June 17, 2002by Israel Foulon LLP
Three key elements to consider when implementing employment agreements for current employees: consideration, duress and reliance
Your employees are privy to sensitive information, but the company has no employment agreements in place to protect confidentiality or deal with terminations. Can you tell staff they must sign a written employment agreement that contains stringent confidentiality and termination provisions or they will be dismissed? Will the courts enforce agreements signed under those circumstances? The answer is yes…provided the proper steps are followed.
The terms of an employee’s oral employment agreement can be varied, and a new written agreement will be legally enforceable, as long as requirements for altering existing agreements under contract law are met. The three issues to consider when changing an existing agreement are: consideration, duress and reliance.
A recent decision of the Ontario Court of Appeal, in Techform Products Ltd. v. Wolda, examined the introduction of a written employment agreement in a case of intellectual property rights and an existing independent contractor.

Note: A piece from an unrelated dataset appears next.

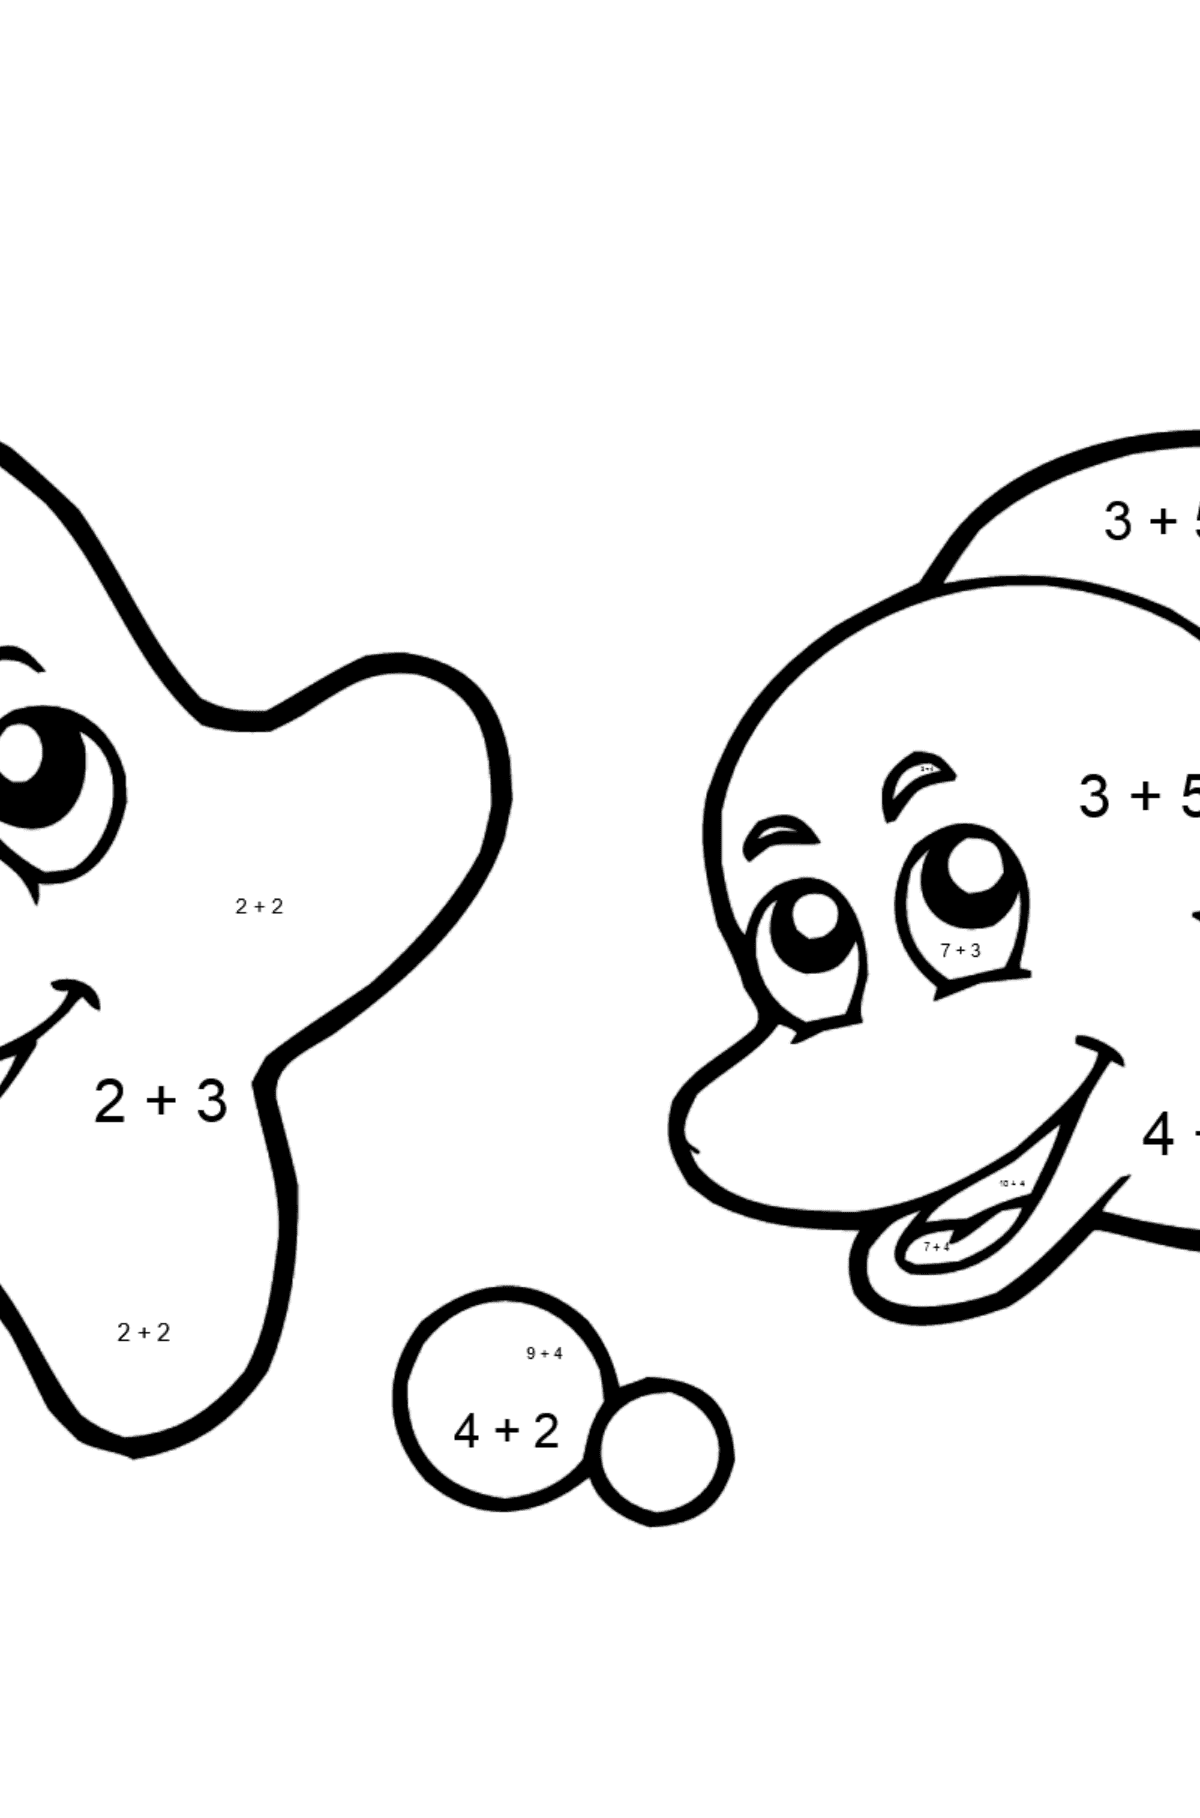 Розмальовка - Дельфін та Морська зірка - Математична Розмальовка Додавання для дітей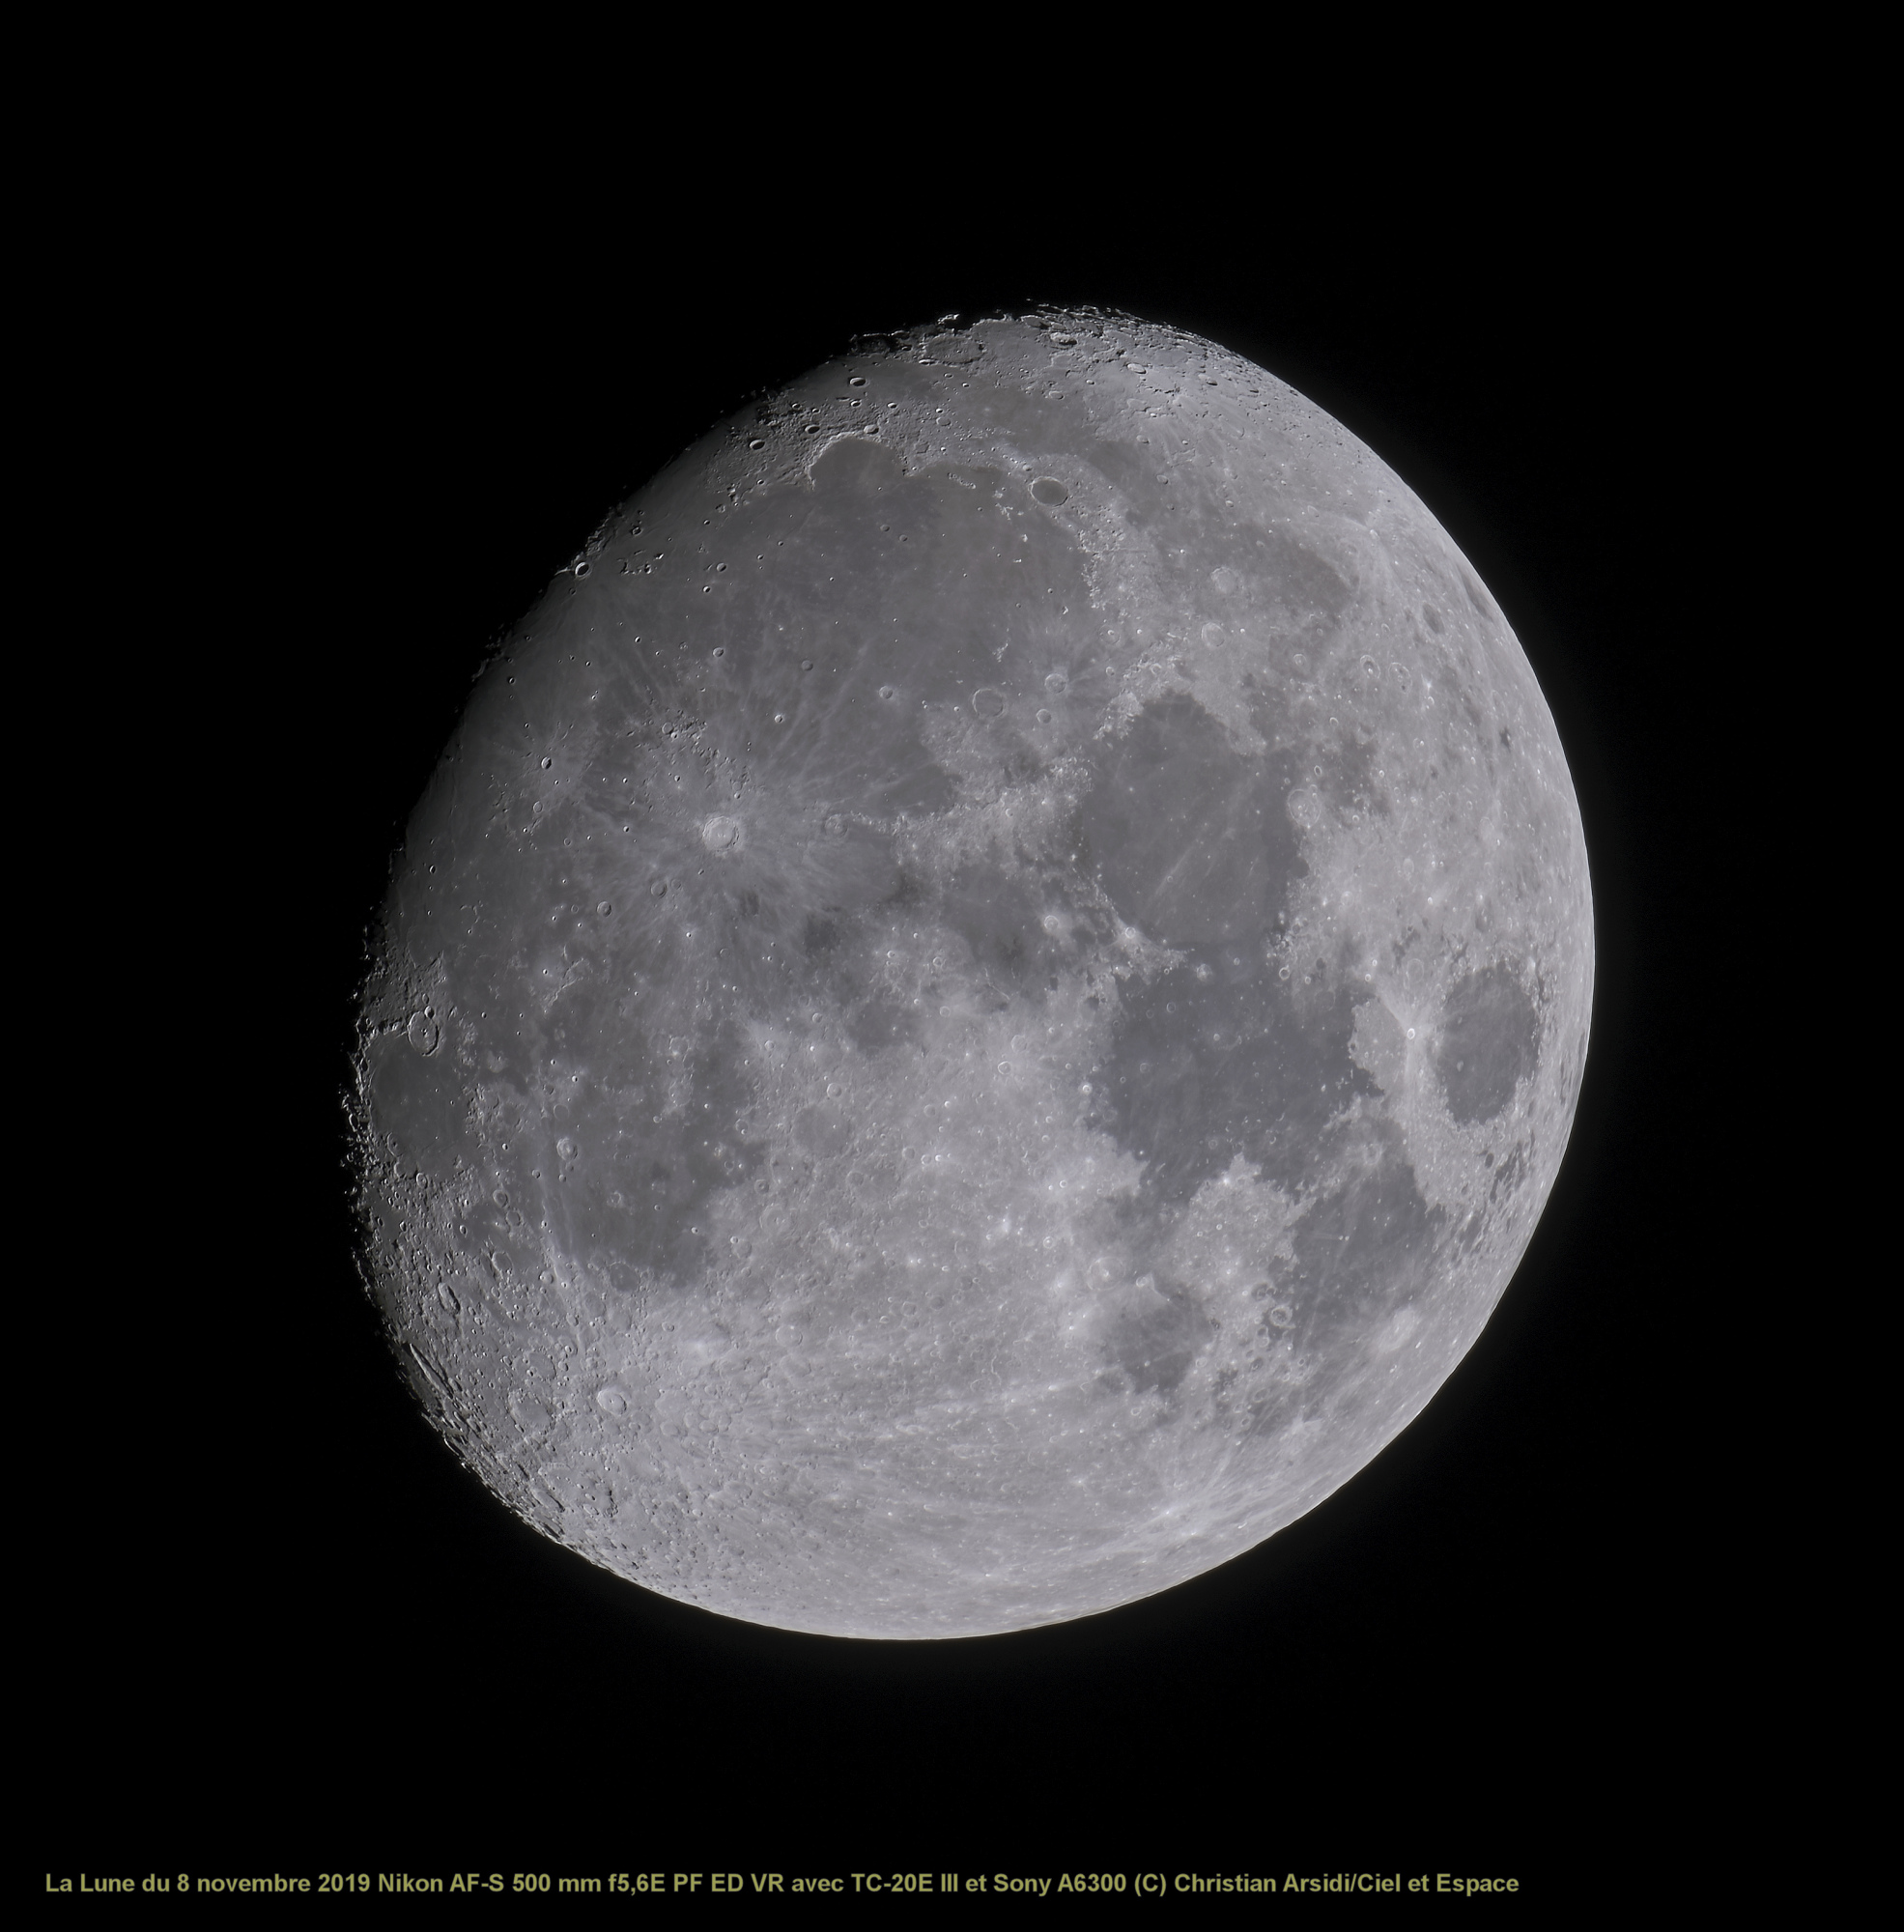 La Lune 35 images V2 traitée_DxO-1 1 BV JPEG TTB.jpg

To vary an existing employment contract, new or additional consideration is needed. In Techform, the Ontario Court of Appeal found that continued employment coupled with an implied promise not to fire an employee for a reasonable period of time is sufficient consideration for entering into a new contract of employment with an existing employee. In Techform, a mechanical engineer signed an “employment technology agreement” that gave his employer the rights to any inventions he conceived of during his employment. The consideration listed in the agreement was the engineer’s continuing employment with Techform.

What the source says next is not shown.